## [Supplied material]
======

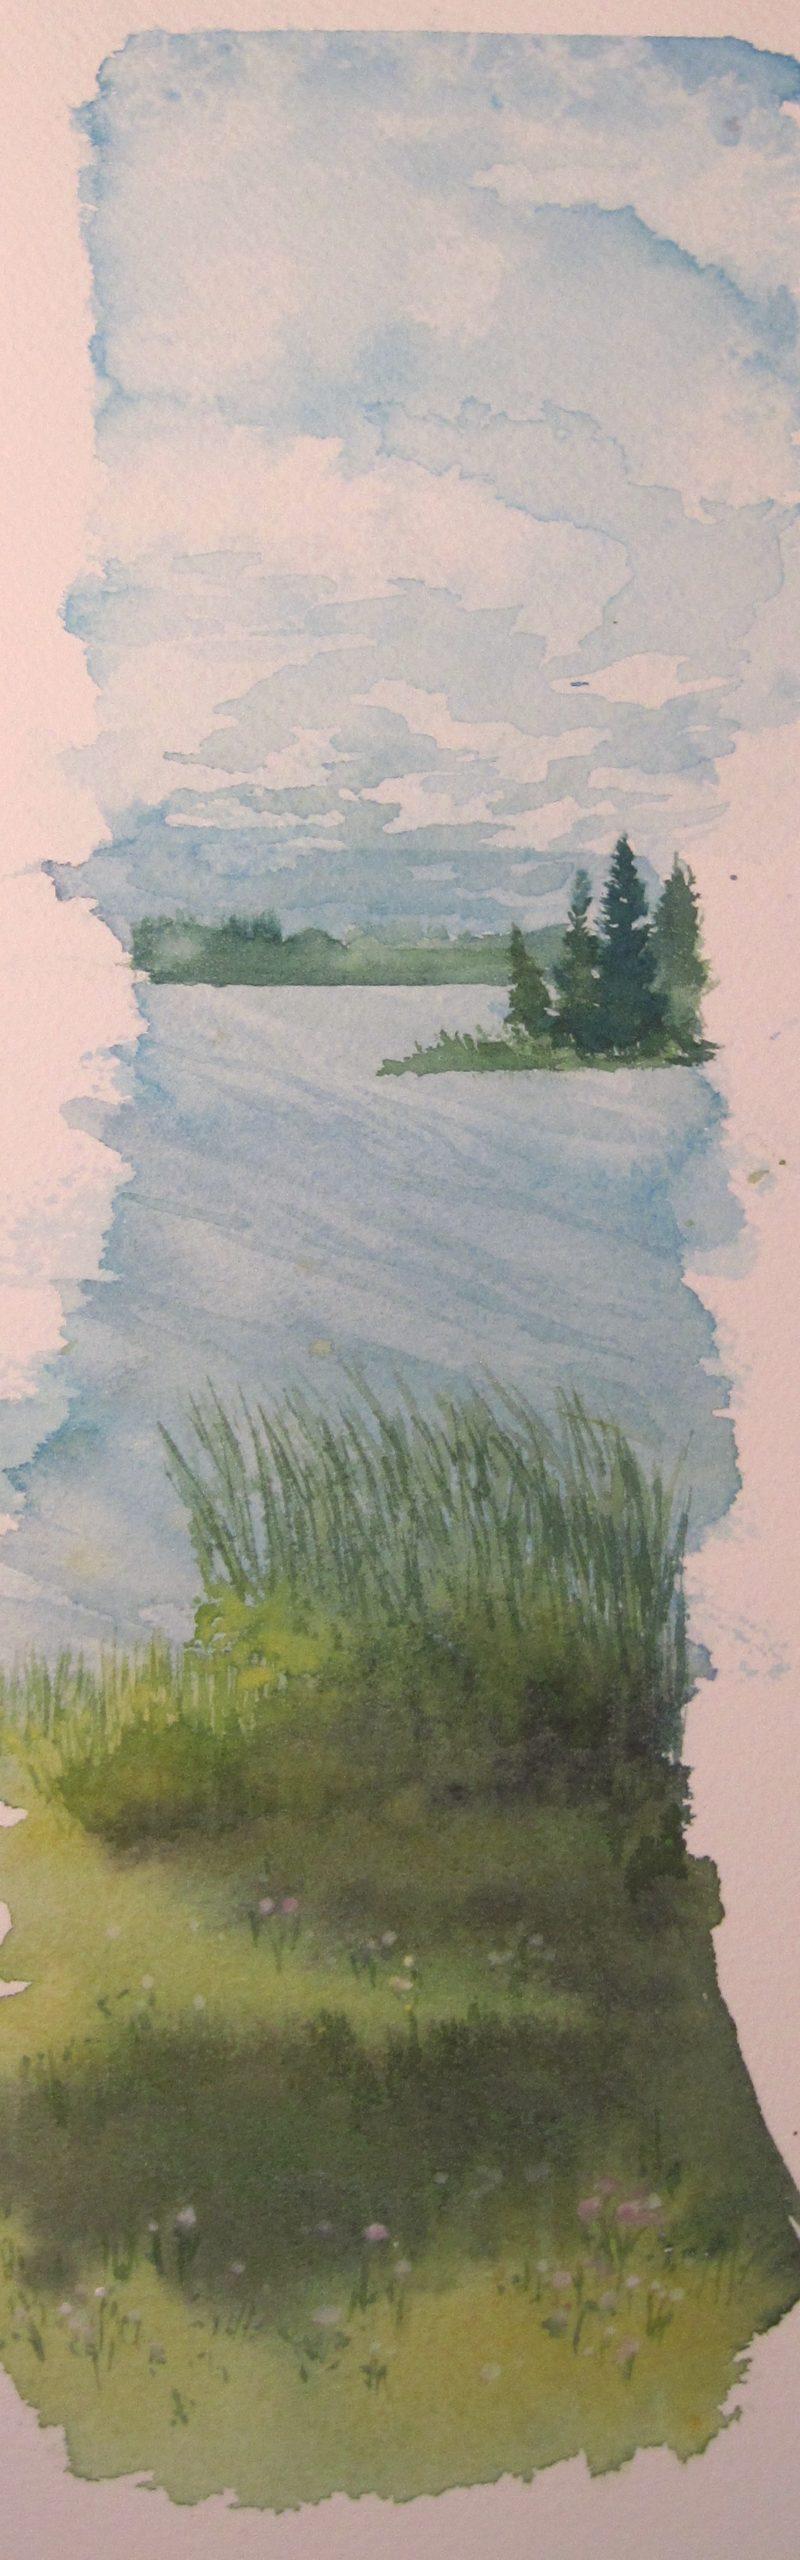 Big Grand Lake 60 Minute Warm Up by Julia Jaakola
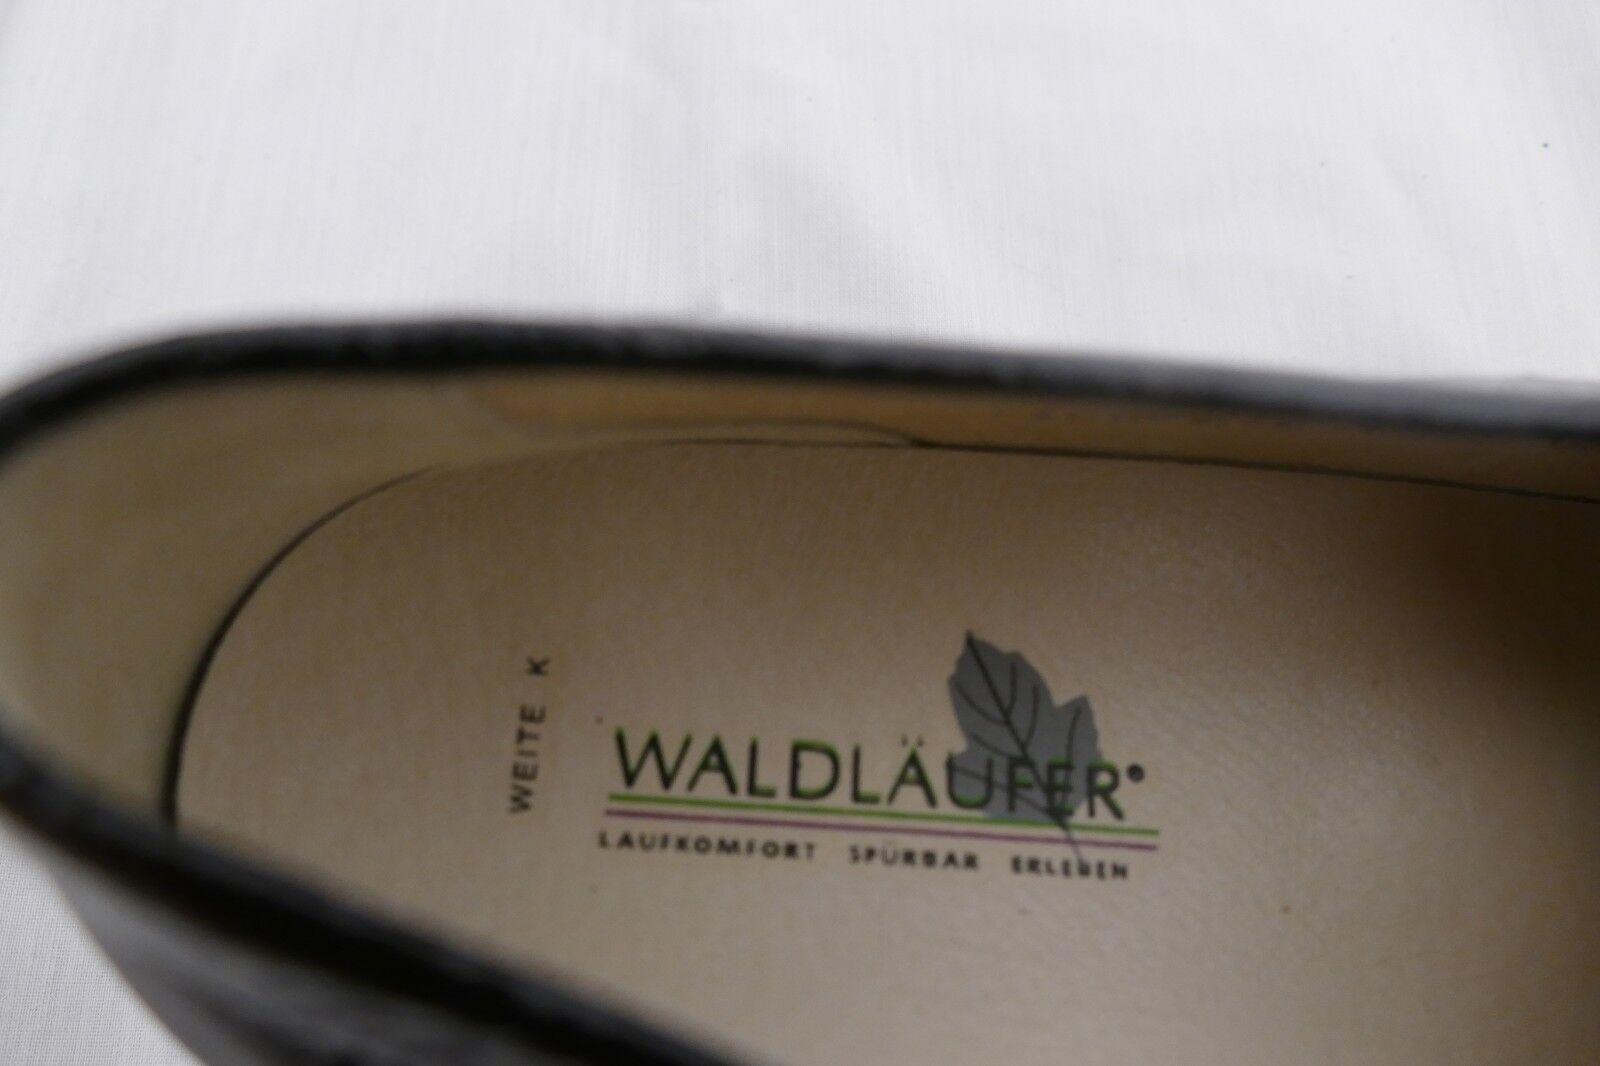 1237---Waldläufer schwarz UK Leder 4,5 Gr.37,5 Lackleder/ Glattleder Leder UK innen,neu 73ee76
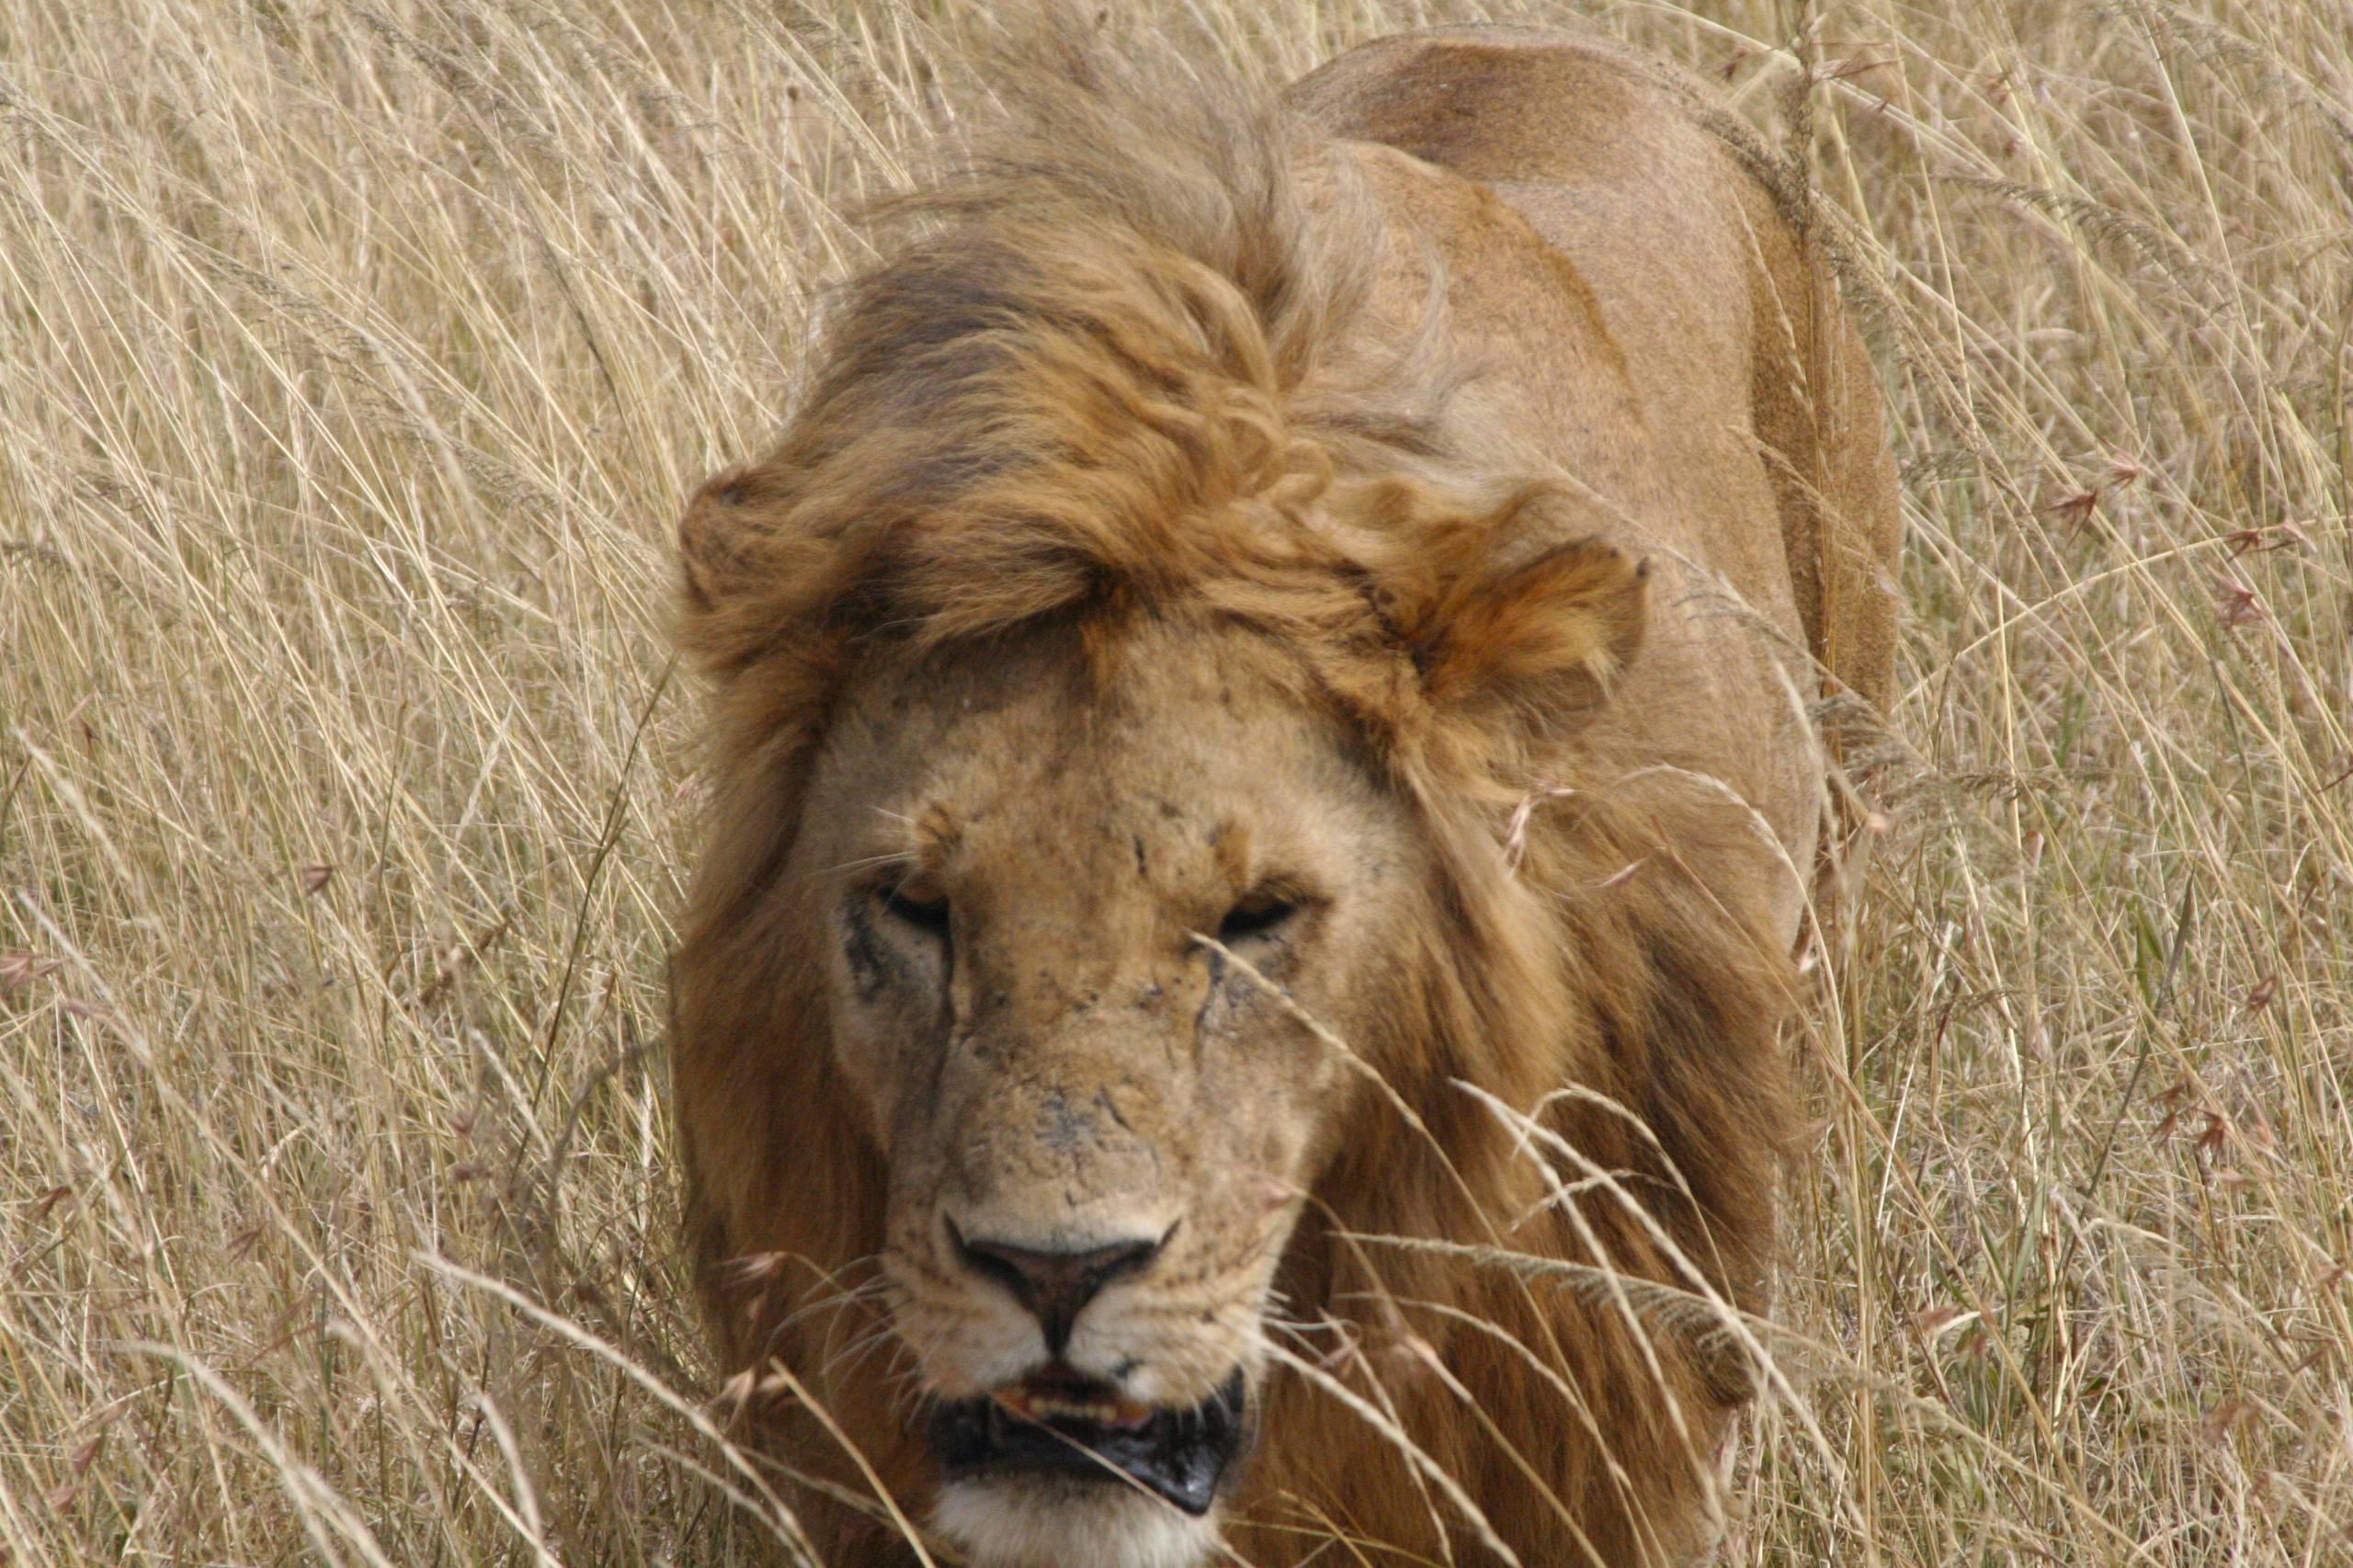 Lions of the Maasai Mara, alarming and amorous ...

======

Copy the data above word for word. Pictures stay out.

 Big Grand Lake 60 Minute Warm Up by Julia Jaakola
 1237---Waldläufer schwarz UK Leder 4,5 Gr.37,5 Lackleder/ Glattleder Leder UK innen,neu 73ee76
 Lions of the Maasai Mara, alarming and amorous ...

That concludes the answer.